Methods for the production of highly sensitive and specific cell surface probes
Abstract
A system and method for producing an oligonucleotide having a high affinity for extracellular or cell surface markers on a target cell. The resultant oligonucleotide probe can be used to detect a target biomolecule, in particular a cancer cell or infectious agent such as a bacterium, virus, or fungus, comprising an aptamer having a high affinity for the biomolecule, wherein at least one labeled dye is attached to the aptamer. The labeled dye causes the aptamer to emit a baseline, non-visible emission. When the aptamer (also referred to herein as a probe) of the invention interacts with a target biomolecule, the fluorescence emission changes from the baseline emission to an emission that is visually detectable.
Claims
exact text as granted — not AI-modified1 . A method for obtaining a probe specific for extracellular or cell-surface markers comprising:
(a) incubating a sample containing at least one nucleic acid sequence with a sample containing at least one target cell; (b) allowing substantially all of the target cells to bind with the nucleic acid sequences; (c) separating and recovering bound nucleic acid sequences to form a first sample; (d) eluting and incubating the first sample with a sample containing at least one counter-selective cell so that the nucleic acid sequences bind with the counter-selective cells; (f) separating and recovering unbound nucleic acid sequences to form a second sample; and (g) cloning and sequencing the nucleic acid sequences of the second sample to obtain a probe specific for the target cell.

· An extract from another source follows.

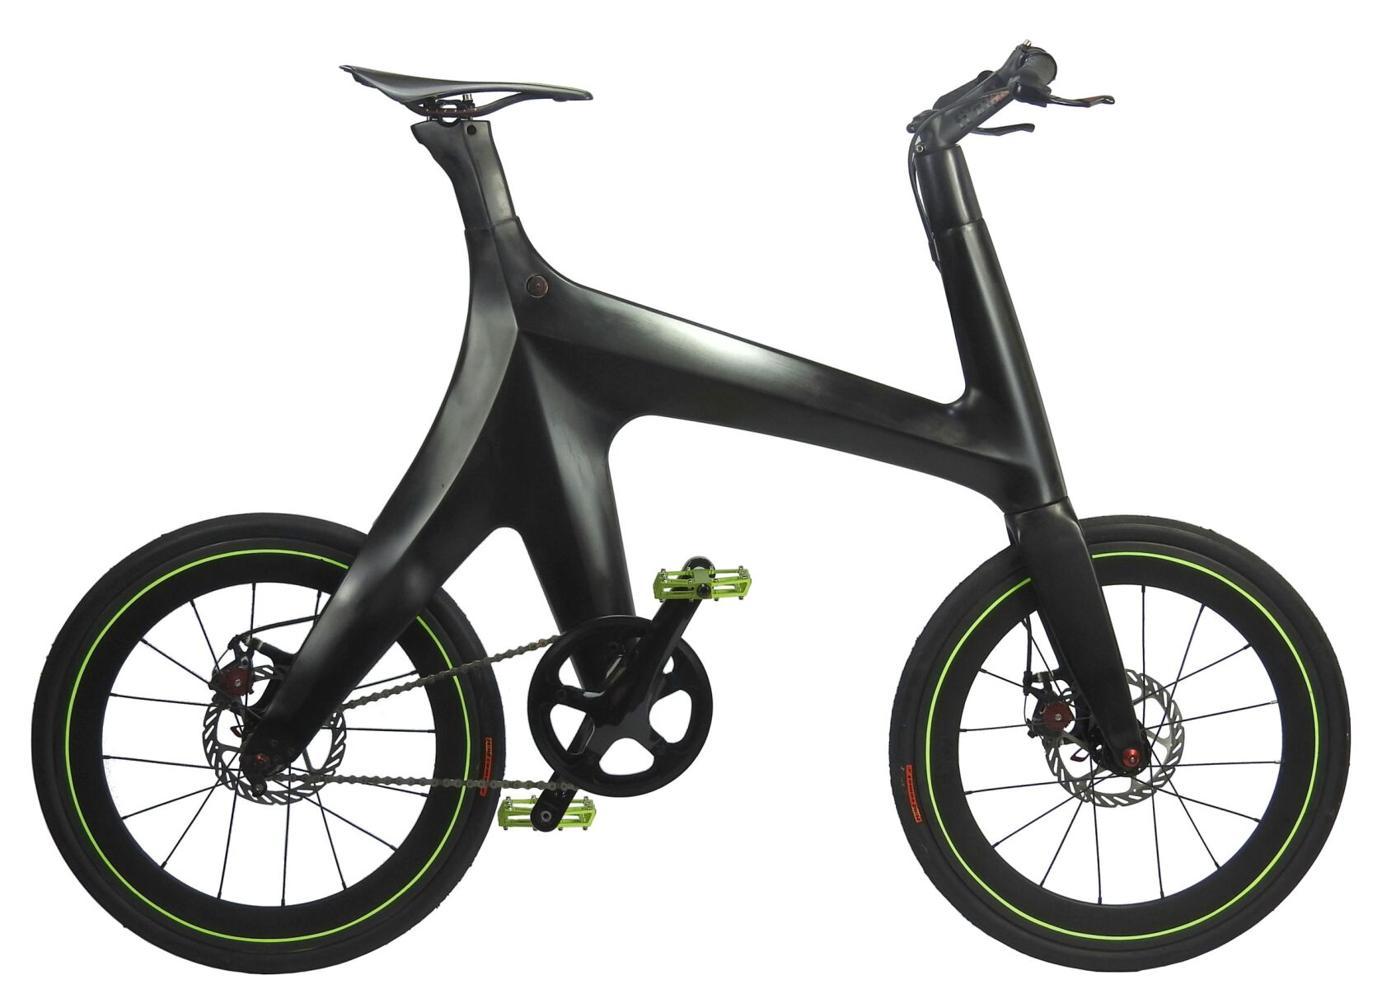 050521_MNS_MODA_bikes_001 Bram Moen Minimal Bike

2 . The method of claim 1 , further comprising the steps of:
(f 1 ) using a quantitative replicative procedure comprising a replicative polymerase reaction following step (f); and (h) repeating steps (a) through (f 1 ) at least one more time before proceeding to step (g), wherein the greater number of times step (h) is performed provides a probe with a higher affinity for the target cell.
3 . The method of claim 2 , further comprising the step of binding a detectable agent to the obtained probe.
4 . The method of claim 3 , wherein the detectable agent is selected from the group consisting of dansyl; fluorescein; 8-anilino-1-napthalene sulfonate; pyrene; ethenoadenosine; ethidium bromide prollavine monosemicarbazide; p-terphenyl; 2,5-diphenyl-1,3,4-oxadiazole; 2,5-diphenyloxazole; p-bis[2-(5-phenyloxazolyl)]benzene; 1,4-bis-2-(4-methyl-5-phenyloxazolyl)benzene; and lanthanide chelate.
5 . The method of claim 3 , further comprising the step of monitoring the detectable agent to monitor the affinity of the probe to the target cell.
6 . The method of claim 5 , wherein flow cytometry is used to monitor the detectable agent.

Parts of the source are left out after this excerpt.